Particle accelerator ready to attempt record-breaking collisions
Energy is building at the Large Hadron Collider outside of Geneva, Switzerland, in more ways than one.
As the particle accelerator gears up for the highest-energy particle collisions ever produced, physicists at the University of Wisconsin–Madison and around the world are excited to begin looking for evidence of new particles and other unexplained physics phenomena.
On Tuesday, March 30, the LHC will attempt the first collisions at 7 trillion electron volts (TeV) between two proton beams of 3.5 TeV each. These beams, first circulated in the machine on March 19, set a record for the highest energies yet reached in a particle accelerator.
Wesley Smith
Photo: Jeff Miller
See also: ‘Heart of the Matter,’ the cover story of the Fall 2008 issue of On Wisconsin magazine.
“As we increase the energy of the machine, we are able to make higher energy or higher mass particles and we are able to explore higher energy or higher mass phenomena that we couldn’t access with the lower energies,” explains UW–Madison physics professor Wesley Smith. Smith has helped develop one of the main experiments at the LHC, the Compact Muon Solenoid detector.
Though the anticipated collisions will only reach half the final intended energy of the LHC, they will be 3.5 times as powerful as the maximum capability of the next largest collider, the Tevatron Collider at the Fermi National Accelerator Laboratory in Batavia, Illinois, says Sau Lan Wu, the Enrico Fermi Professor of Physics at UW–Madison. Wu leads a group working on the ATLAS experiment, another of the large detectors, with associate professor of physics Yibin Pan and assistant professor of physics Bruce Mellado.

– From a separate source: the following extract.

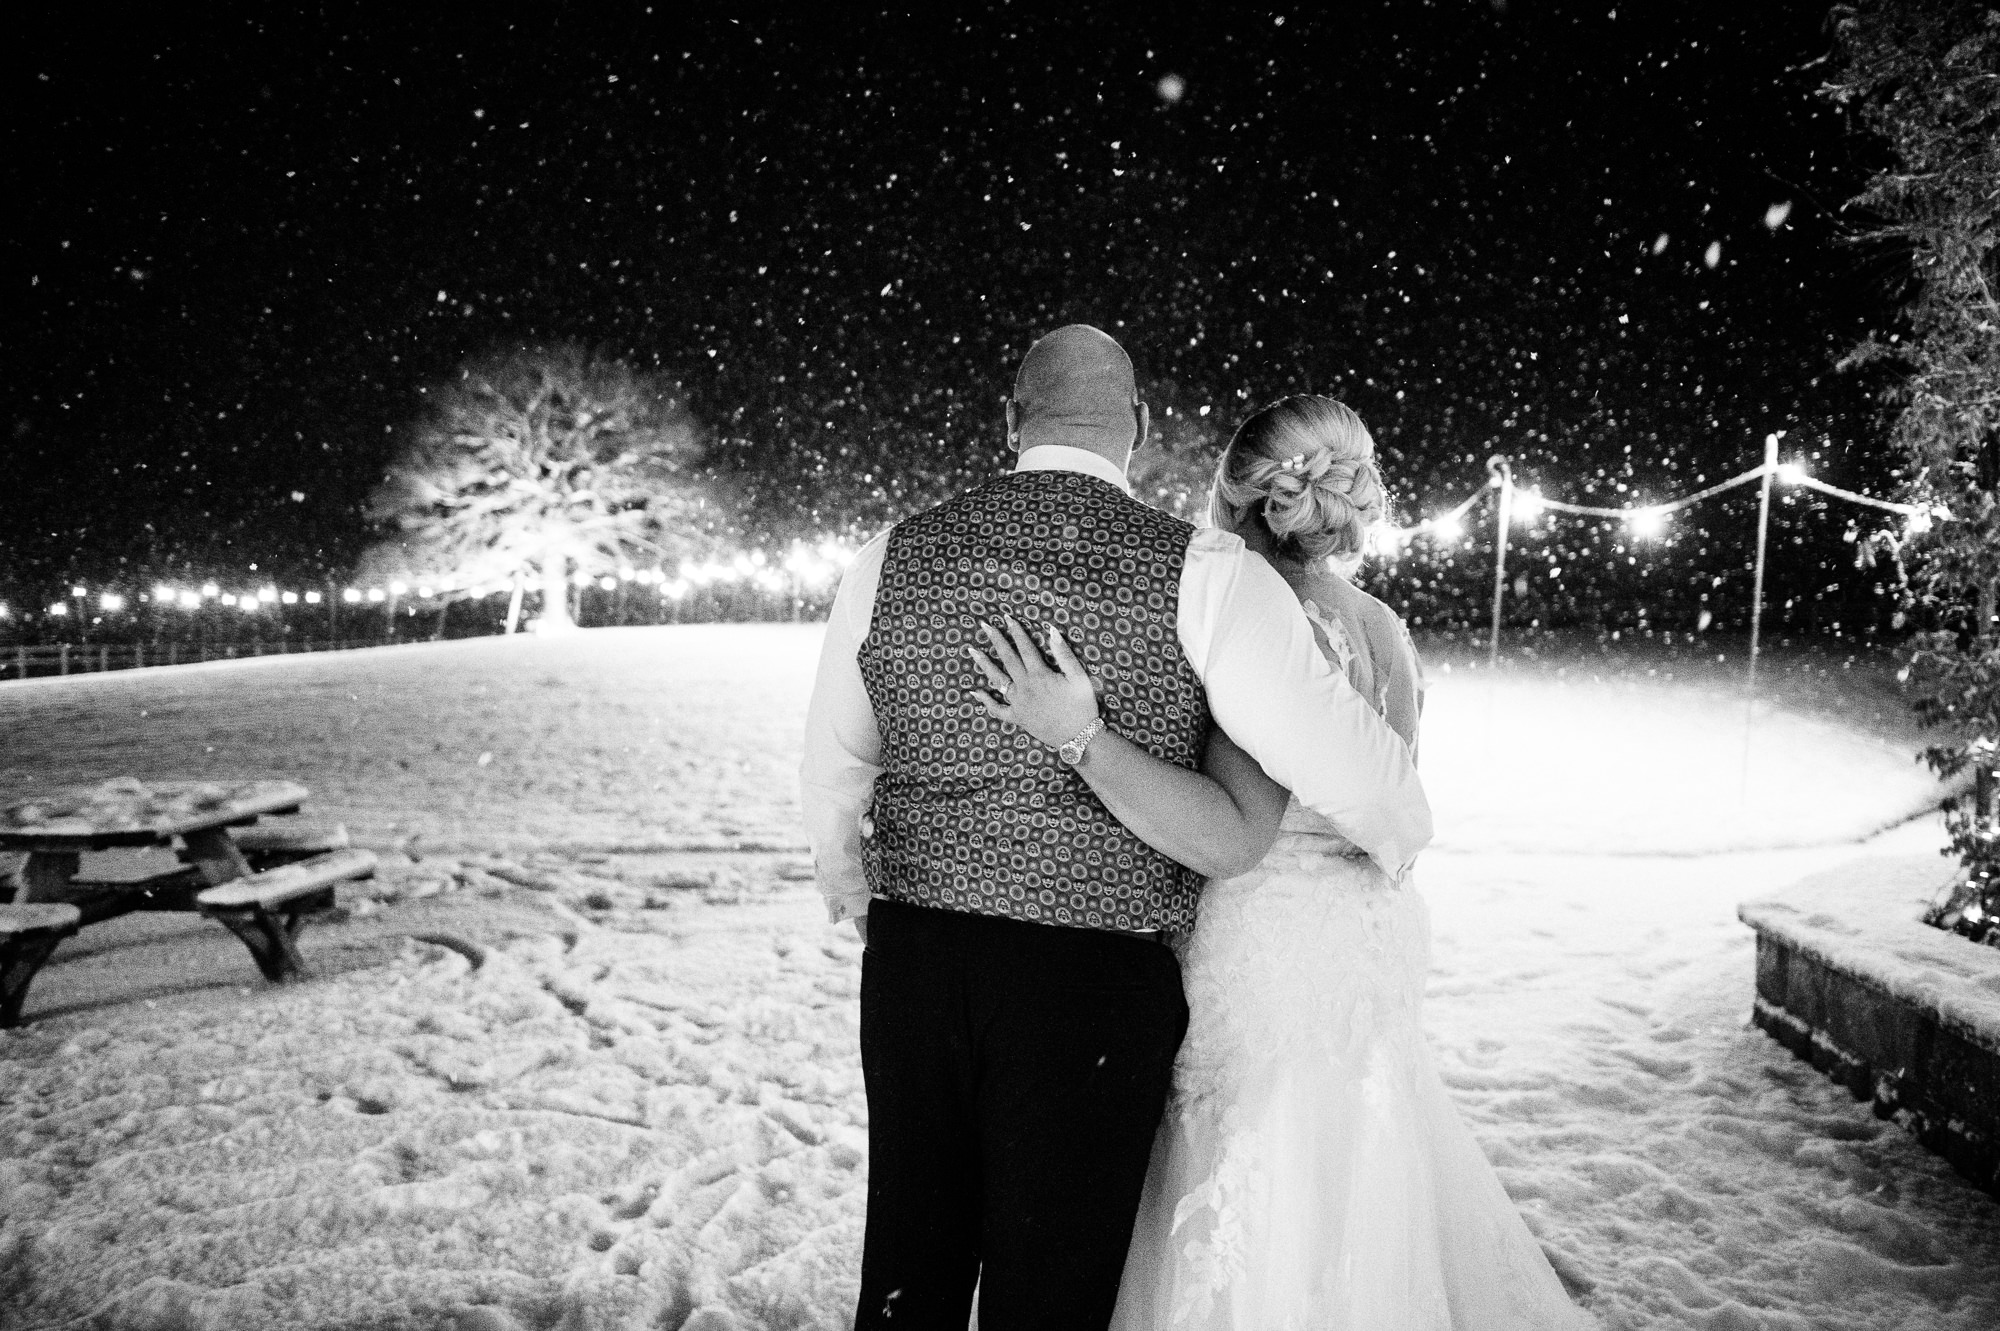 winter wedding couples portrait stood together looking at the snow

“The LHC leads us into a new and exciting regime of particle physics,” Wu says. “Our primary motivation is the discovery of new physics… and [we] are now eagerly waiting for the data.”
The proton beams circulating in the LHC’s 17-mile underground ring will collide inside four detectors, releasing showers of particles that scientists will analyze in search of fundamental insights into the nature of the physical world. The goals include the elusive Higgs boson, thought to give objects mass, and the hypothesized particles associated with a property called supersymmetry, a symmetry between matter and forces.

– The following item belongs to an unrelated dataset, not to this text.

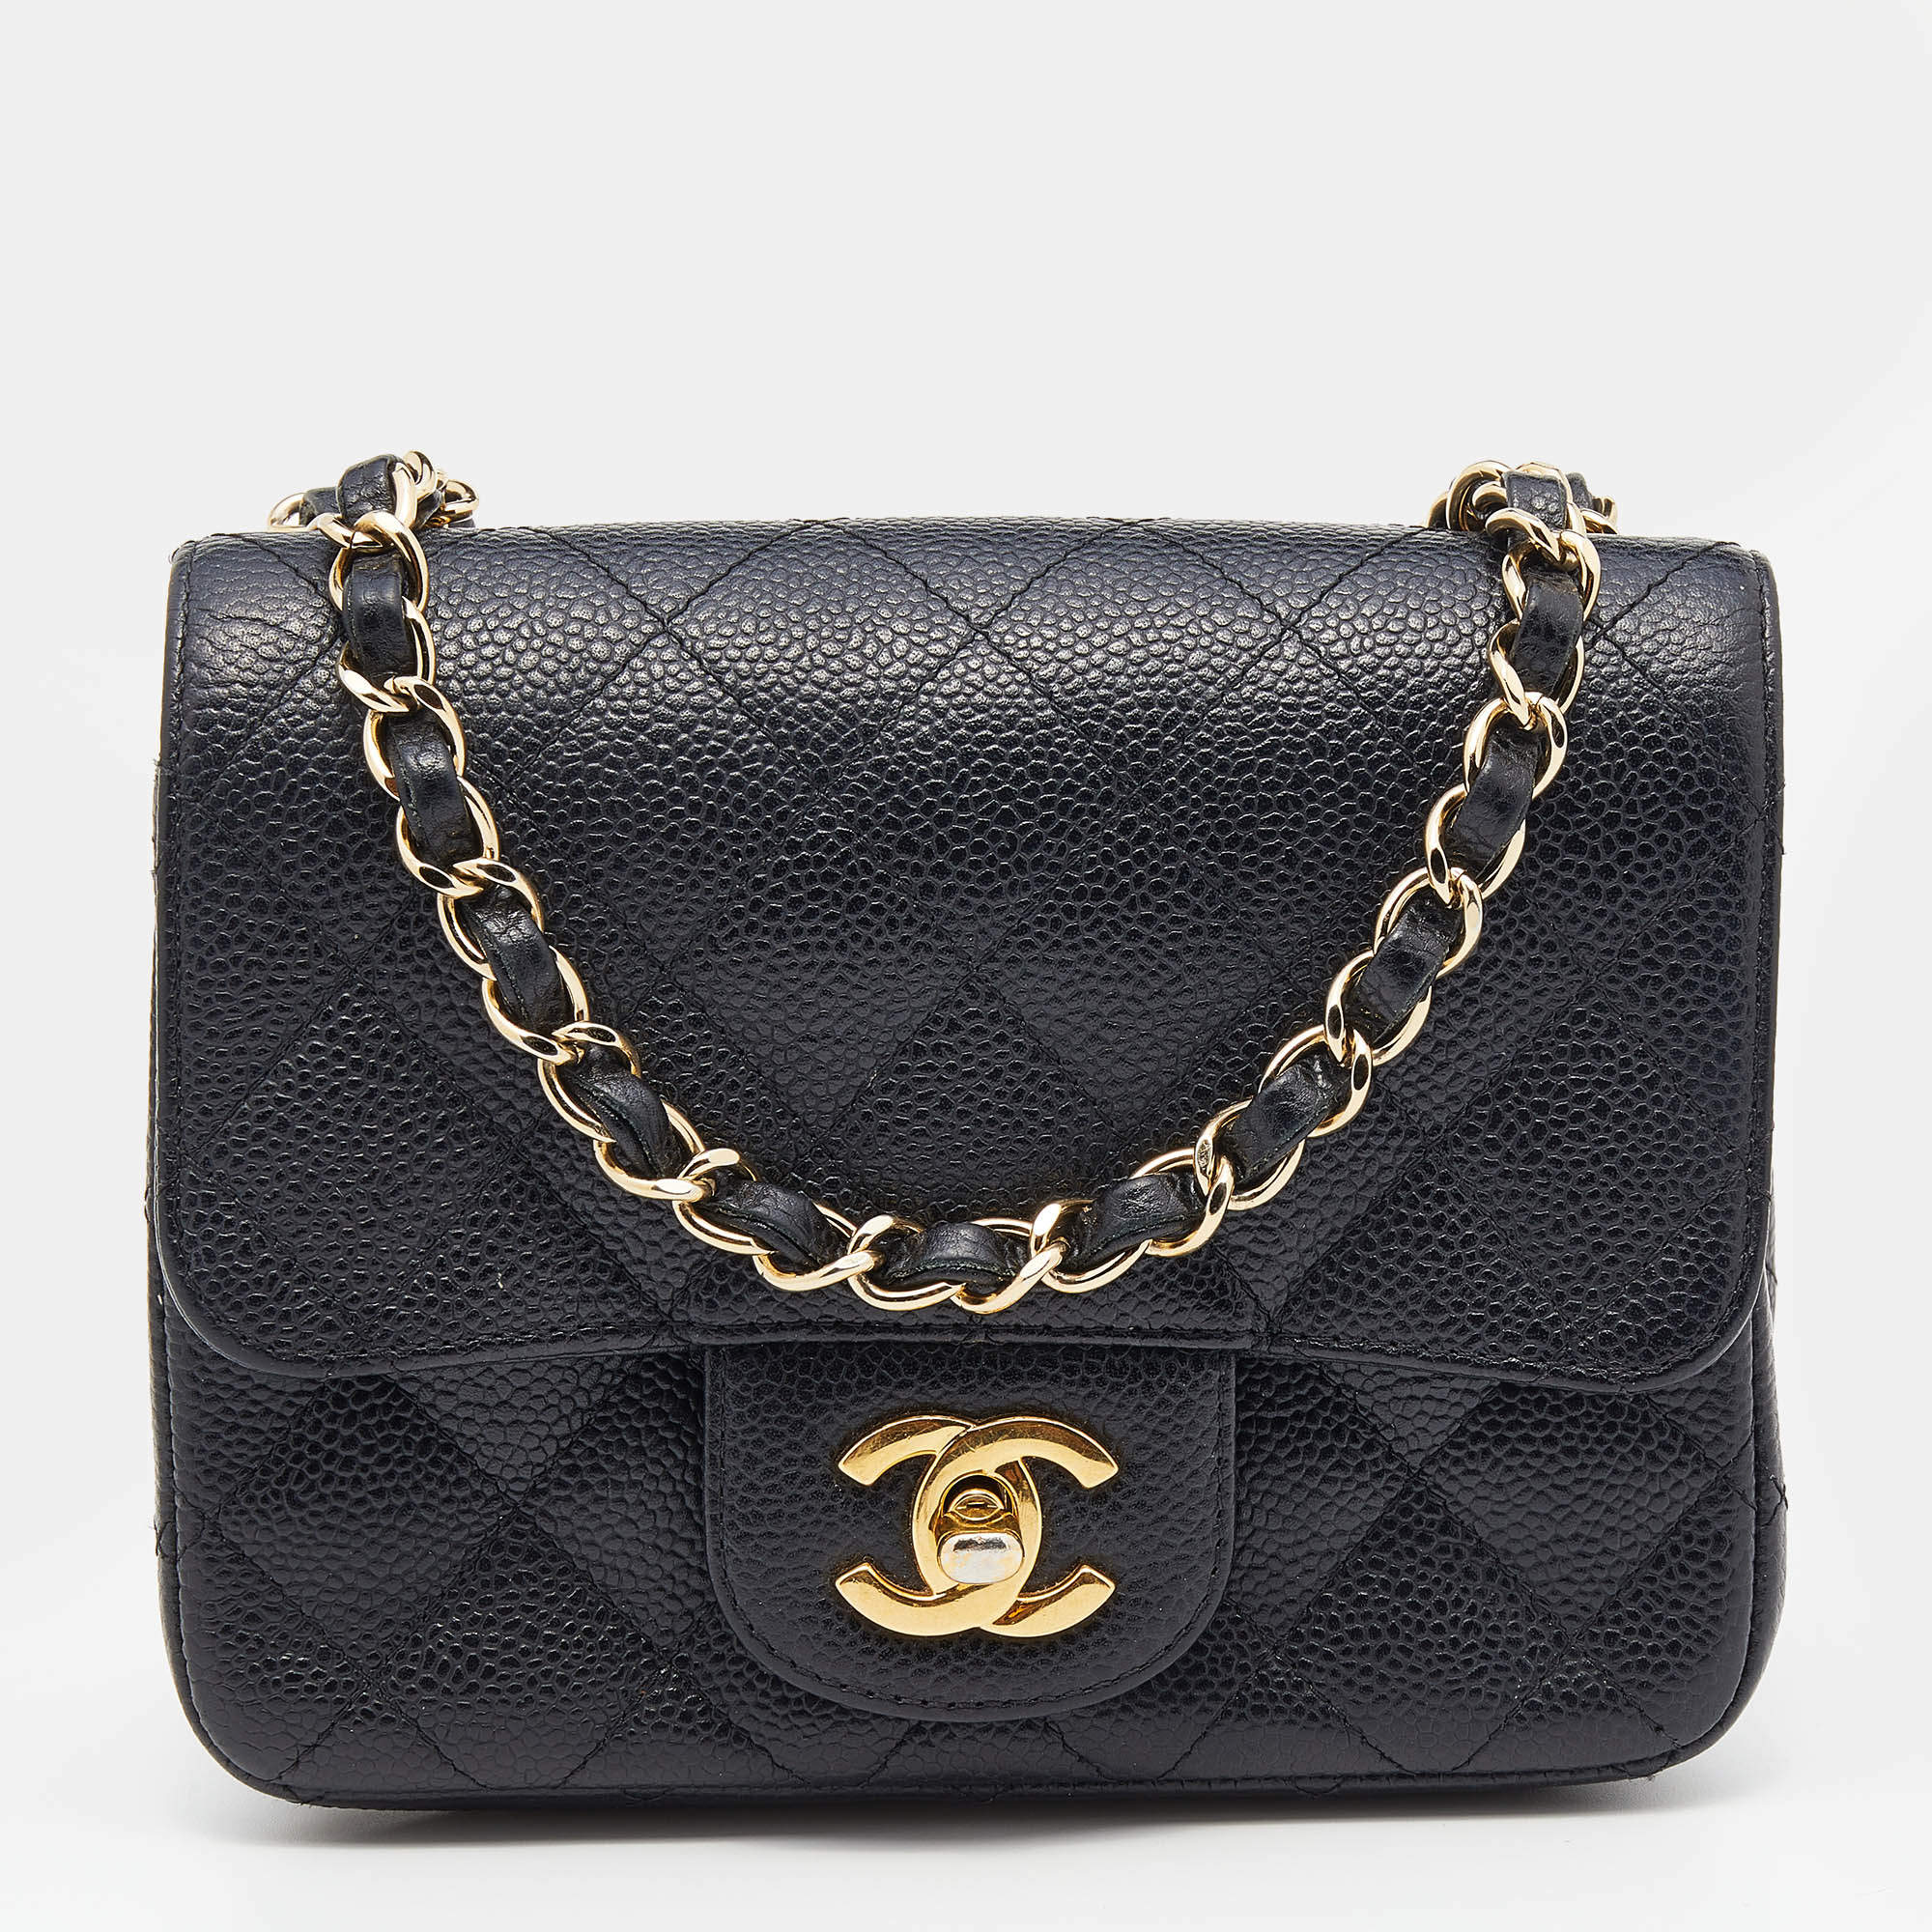 10 Things You Should Know about Chanel Flap Bags

Since restarting in late 2009 after an electrical malfunction forced shutdown more than a year earlier, the LHC has been operating with lower energy proton beams to test and tune up the detectors and ensure it can safely ramp up to higher energies.
Once successful 7 TeV collisions are achieved, the LHC is expected to run at this energy level until around the end of 2011 before shutting down for upgrades needed to achieve even higher energy collisions.
The influx of data will be especially welcome news to the several UW–Madison physics graduate students whose theses and future careers will build on initial data from the LHC.
“This is opening up a new window on physics,” Smith says. “We will have a lot of data to analyze for new physics and to gain new perspective on many of the signals and phenomena that we’ve already observed in particle physics.”